The Main Stream Of New England
Flowing from the Canadian border to Long Island Sound, nourishing both industry and agriculture, and carrying on its back sailing sloops, steamships, and pleasure craft, the Connecticut River has been for three hundred years.
April 1967 | Volume 18, Issue 3
During the next few years groups from Massachusetts led by Thomas Hooker and others made settlements along the river at Hartford and Wethersfield. Thus was established the nucleus of the Connecticut colony. One eminent historian, Charles M. Andrews, maintains, in the face of some skepticism, that “every acre … was honestly obtained.” In any case, the land was worthless to the unwarlike river tribes without the Englishman’s musket. Soon the settlers and their Indian friends had to contend with and later decimate the Pequots. Eventually most of the red men disappeared before the onslaught of the white man’s diseases and the conversion of their hunting and fishing paradise into a land of villages and cultivated fields. Now the English had only the Dutch to deal with.
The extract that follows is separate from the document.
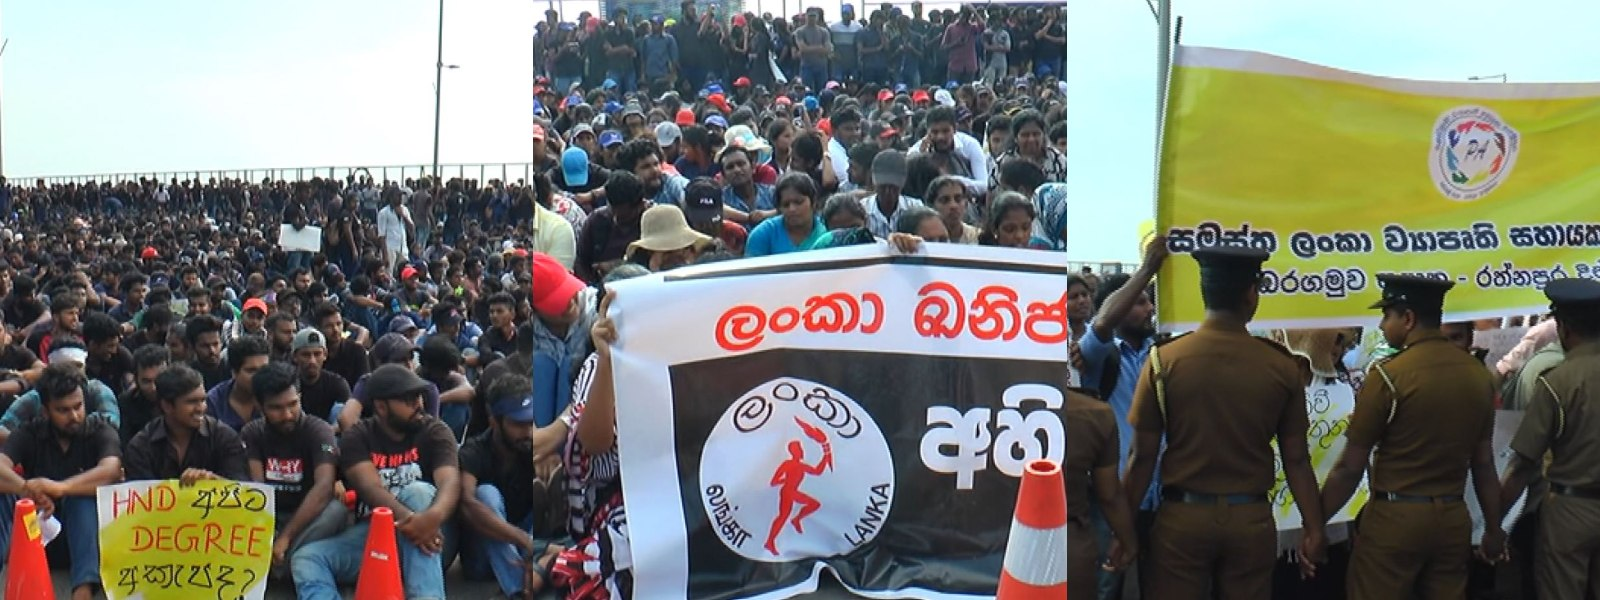 3 protests cause heavy traffic congestion near Presidential Secretariat

Considering their different objectives, it was inevitable that the English in their new settlements and the Dutch in their little fort would clash. Rarely on the frontier have agricultural and trading societies been able to live peacefully together. Out of this confrontation came the word that is now universally applied to citizens of the United States, “Yankee.” It probably derives from the Dutch diminutive of Jan, Janke (Johnny in English), and then, as now, one of the implications of the term was “rascal” or “brigand.” It was a common nickname among the Dutch buccaneers along the Spanish Main. Thus, it was natural for the Dutch traders to brand the Englishmen who coveted the rich meadowland around their post janke pirates.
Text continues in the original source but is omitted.